Interestingly, other than the right to name a successor holder, no mention of beneficiary designations is made in federal TFSA legislation. This is not unusual, as the transfer of assets at death is governed by provincial and territorial legislation. In order to transfer RRSPs, RRIFs or TFSAs to beneficiaries by way of a plan designation, provincial or territorial legislation must allow for it. While this legislation is in place for RRSPs and RRIFs, at the time of writing, only British Columbia, Alberta, Nova Scotia and Prince Edward Island have introduced legislation to allow for such a designation for TFSAs. Similar provisions in the remaining provinces and territories have not yet been made.
Until such provisions are introduced, TFSA assets in the remaining provinces and territories will pass to beneficiaries by way of a deceased’s will and, in the case of provinces that levy estate administration fees, may be subject to probate fees.
Several groups, including the Investment Funds Institute of Canada, have written the provinces and territories recommending updates to legislation to allow for the transfer of TFSAs by means other than a will. In anticipation of this, some financial institutions are accepting TFSA applications that allow for a successor holder or beneficiary designation.

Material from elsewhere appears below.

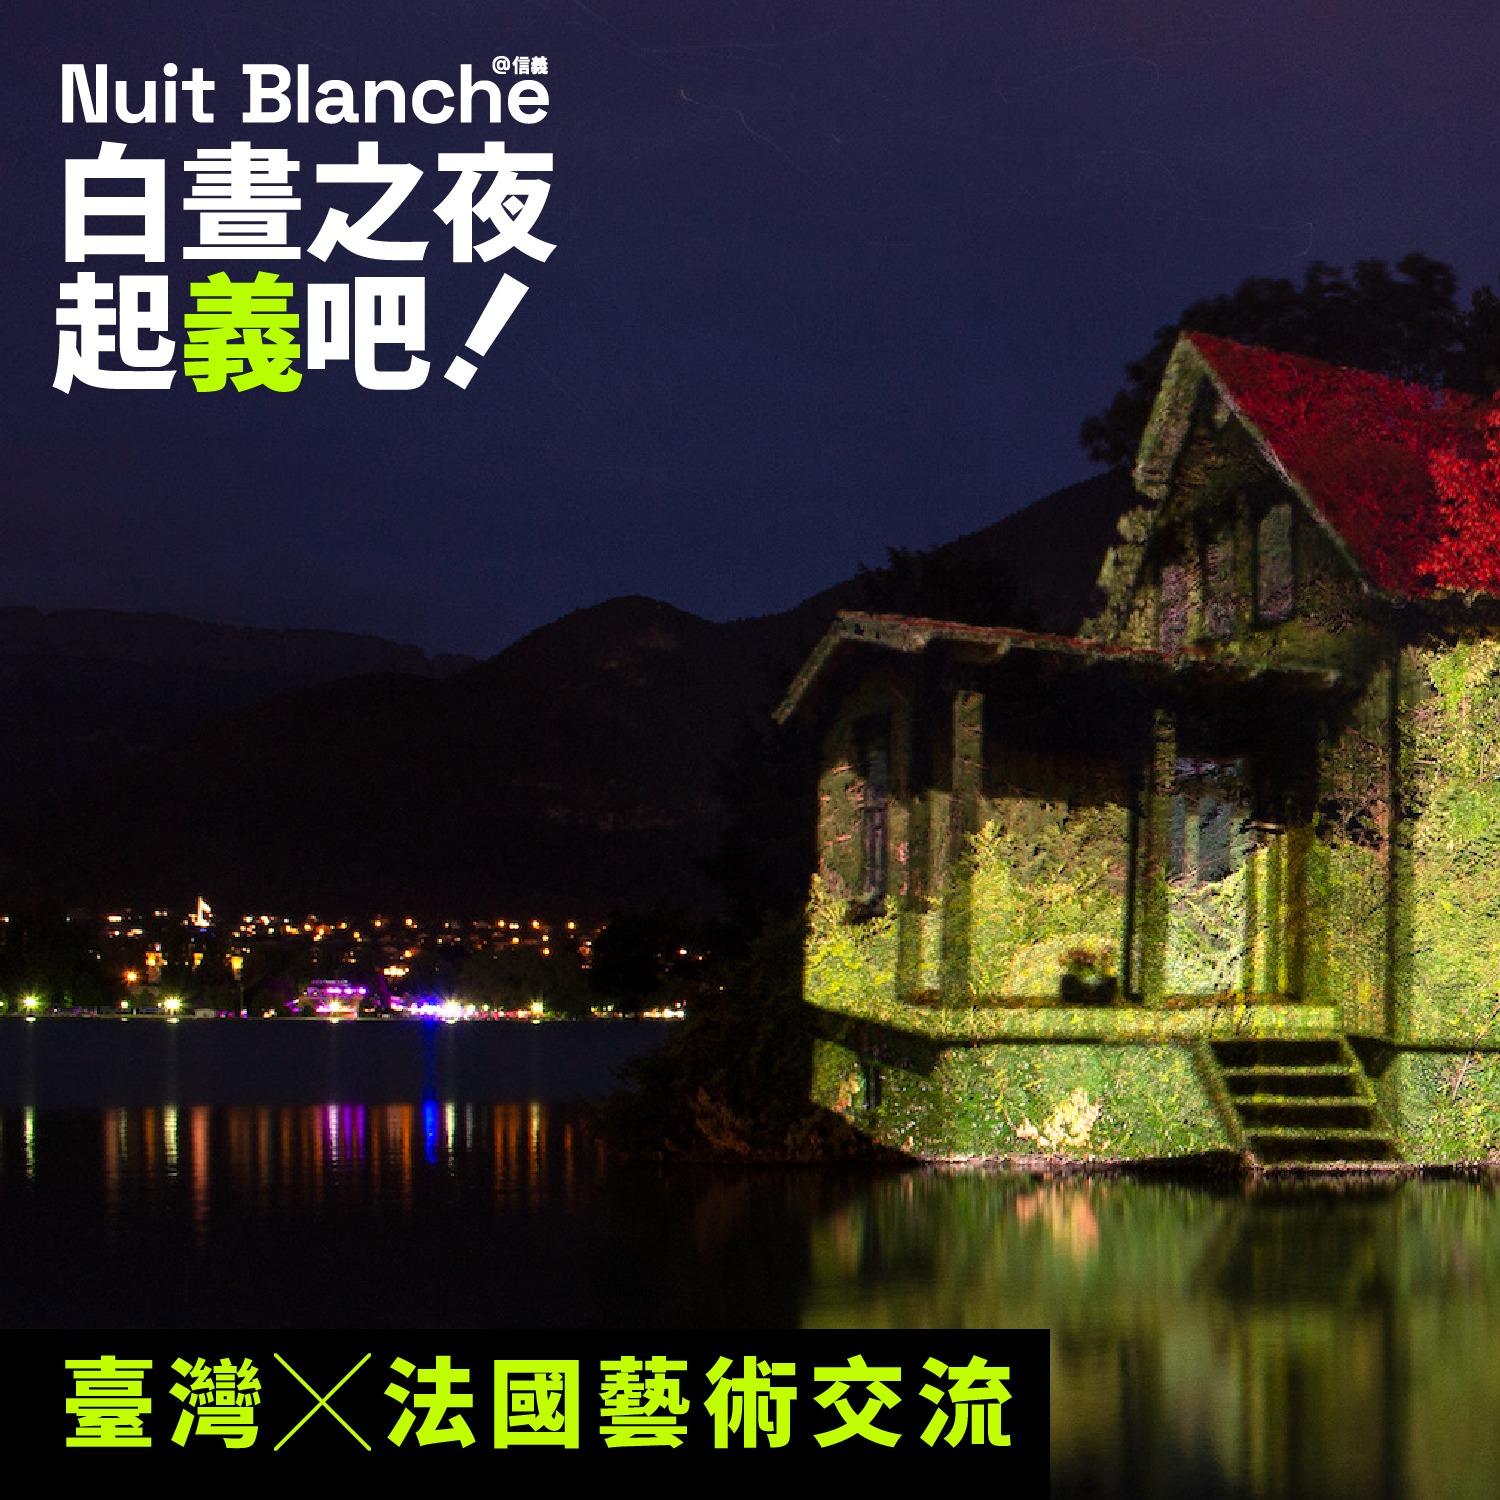 由朋丁 Pon Ding 策劃、攜手 13 位國內外藝術家，在國父紀念館翠湖周圍打造實驗型藝術公園。(圖 / 翻攝自白晝之夜 Nuit Blanche FB)

Until provincial and territorial updates are made, clients who hold TFSAs should indicate intentions in their wills to ensure their wishes are carried out at death, even when a successor holder or beneficiary designation is made directly on a TFSA application. (In Quebec, it is expected that TFSA transfers at death will not be permitted by means other than a will.)
As you approach your clients to discuss the TFSA, don’t forget to address estate planning details. Not only will it help ensure TFSAs are addressed appropriately in the case of death, but it might also lead to larger estate planning discussions — something every client should consider.